Further, the deleting the articles according to the sharing time of the same article includes:
respectively calculating the time difference between the sharing time and the current time of the same article;
and reserving the same article corresponding to the minimum time difference, and deleting the same articles corresponding to the rest time differences in the article sharing data.
Further, the constructing a tag sequence feature corresponding to the sample user according to the sharing sequence feature includes:
respectively obtaining article identifiers of the articles in the sharing sequence characteristics, and performing label query according to the article identifiers to obtain article labels, wherein the article labels are used for representing keywords corresponding to the articles;
and sequencing the corresponding article labels according to the sharing sequence of the articles in the sharing sequence characteristics to obtain the label sequence characteristics.

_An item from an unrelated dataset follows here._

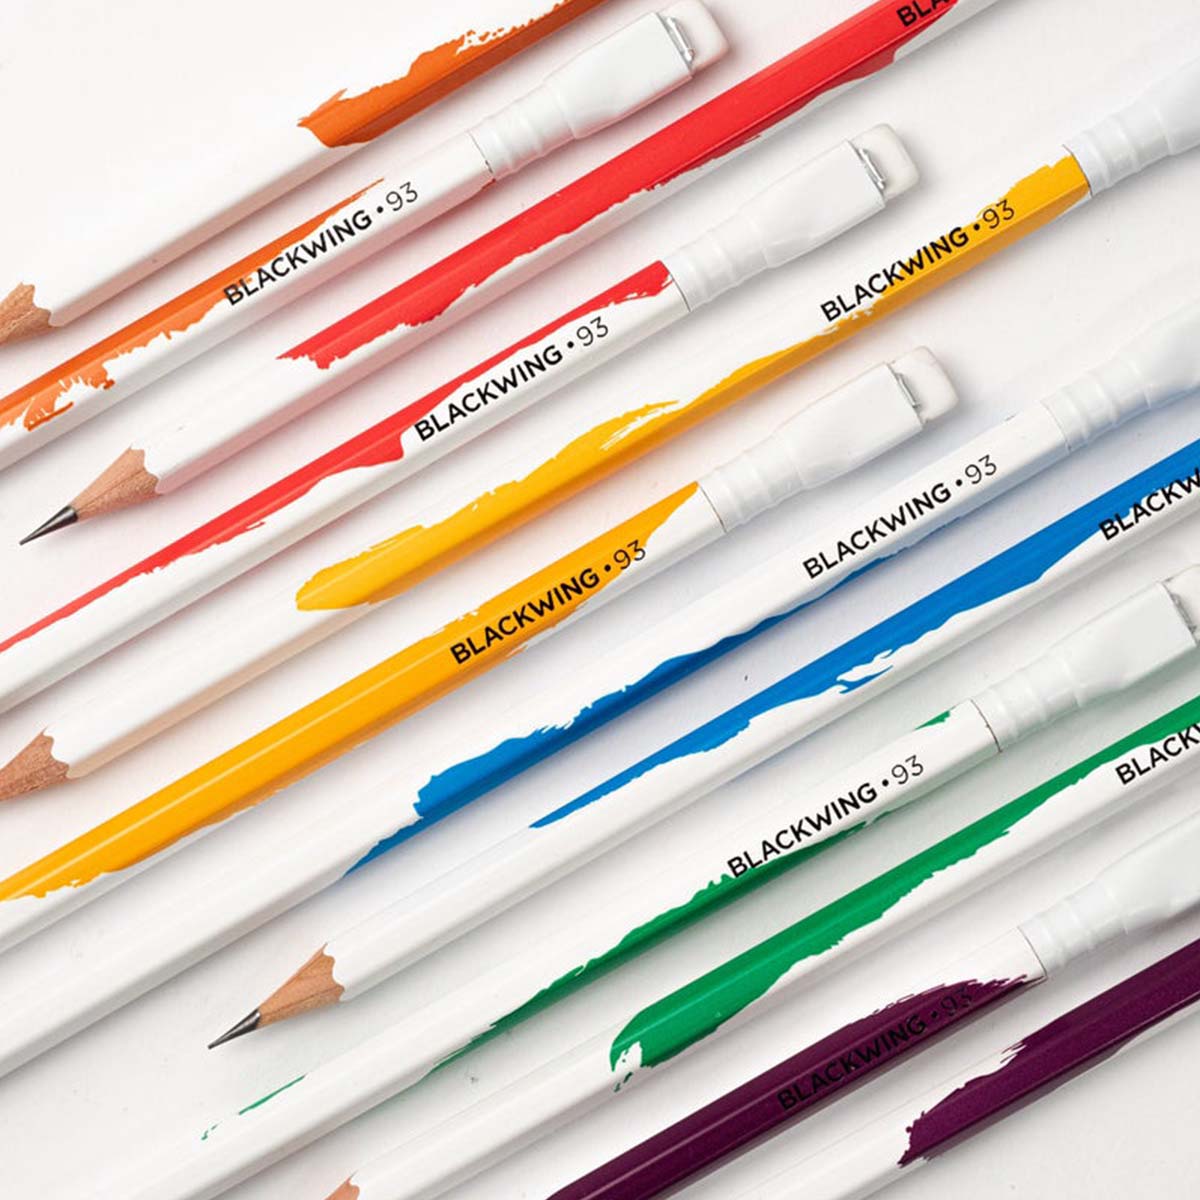 Vol 93 Limited Edition 12-pack in the group Pens / Writing / Pencils at Pen Store (127718)
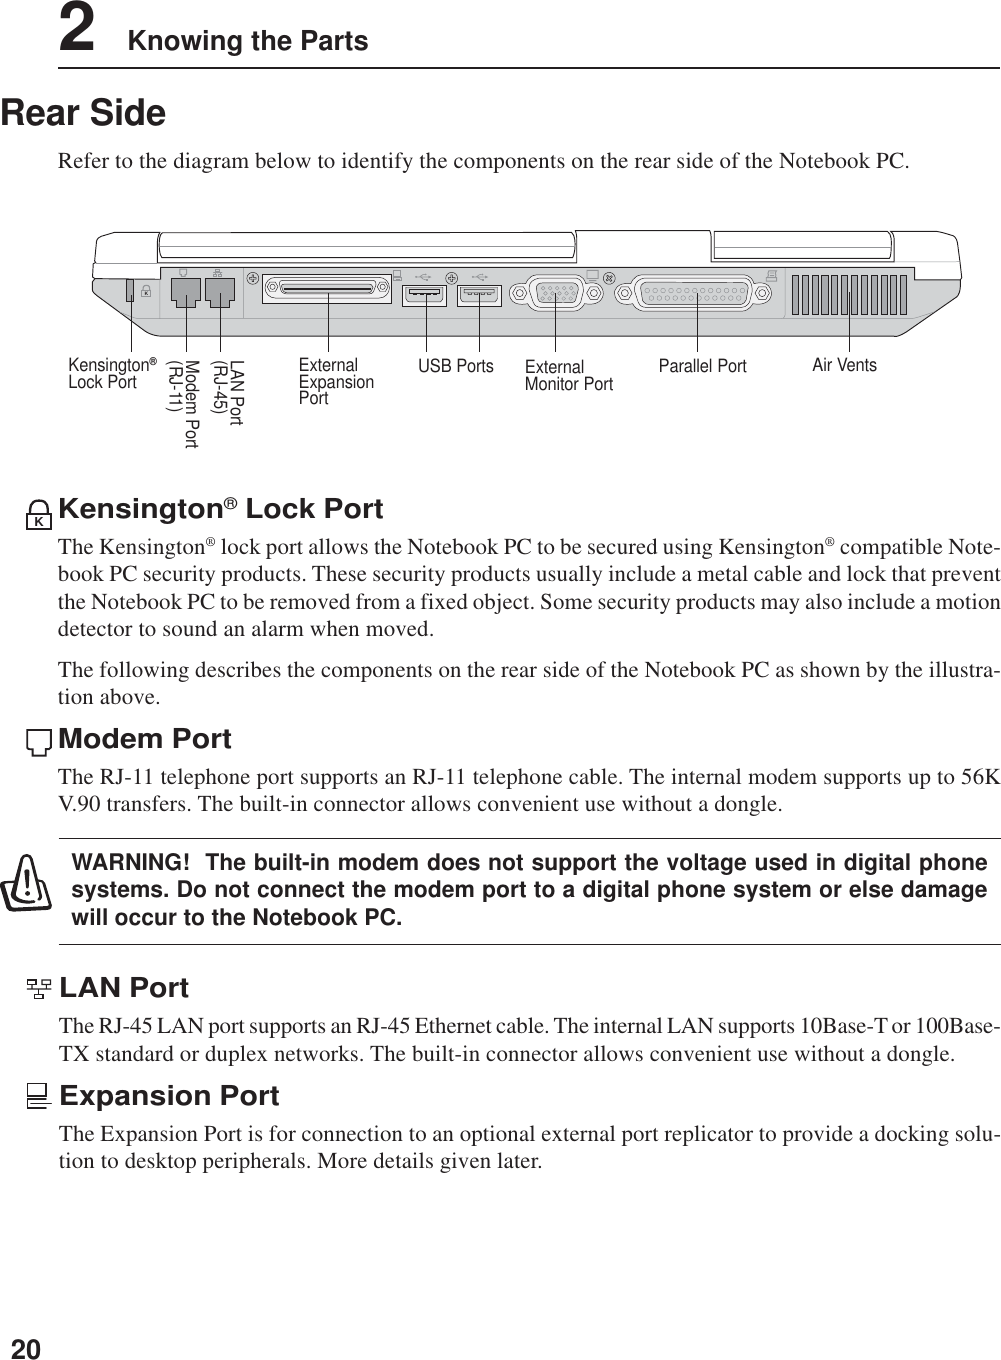 202    Knowing the PartsRear SideRefer to the diagram below to identify the components on the rear side of the Notebook PC.Kensington® Lock PortThe Kensington® lock port allows the Notebook PC to be secured using Kensington® compatible Note-book PC security products. These security products usually include a metal cable and lock that preventthe Notebook PC to be removed from a fixed object. Some security products may also include a motiondetector to sound an alarm when moved.The following describes the components on the rear side of the Notebook PC as shown by the illustra-tion above.Modem PortThe RJ-11 telephone port supports an RJ-11 telephone cable. The internal modem supports up to 56KV.90 transfers. The built-in connector allows convenient use without a dongle.KModem Port(RJ-11)LAN Port(RJ-45)ExternalMonitor Port Air VentsUSB PortsExternalExpansionPortParallel PortKensington®Lock PortKLAN PortThe RJ-45 LAN port supports an RJ-45 Ethernet cable. The internal LAN supports 10Base-T or 100Base-TX standard or duplex networks. The built-in connector allows convenient use without a dongle.Expansion PortThe Expansion Port is for connection to an optional external port replicator to provide a docking solu-tion to desktop peripherals. More details given later.WARNING!  The built-in modem does not support the voltage used in digital phonesystems. Do not connect the modem port to a digital phone system or else damagewill occur to the Notebook PC.

Further, the sorting the corresponding article tags according to the sharing order of the articles in the sharing sequence feature to obtain the tag sequence feature includes:
respectively inquiring the unique hot codes of the first-level labels in the article labels, and sequencing the unique hot codes corresponding to the first-level labels according to the sharing sequence of the articles in the sharing sequence characteristics to obtain first-level label sequence characteristics;
respectively inquiring the unique hot codes of the secondary labels in the article labels, and sequencing the unique hot codes corresponding to the secondary labels according to the sharing sequence of the article in the sharing sequence characteristics to obtain secondary label sequence characteristics;
and storing the primary label sequence characteristics and the secondary label sequence characteristics to obtain the label sequence characteristics.
Further, the screening a user according to the article sharing data to obtain a sample user includes:
respectively matching the articles in the article sharing data with different preset articles;
if the article in the article sharing data is not matched with the preset article, deleting the user corresponding to the article sharing data;
if the articles in the article sharing data are matched with the preset articles, deleting the user corresponding to the article sharing data;
setting the remaining users as the sample users.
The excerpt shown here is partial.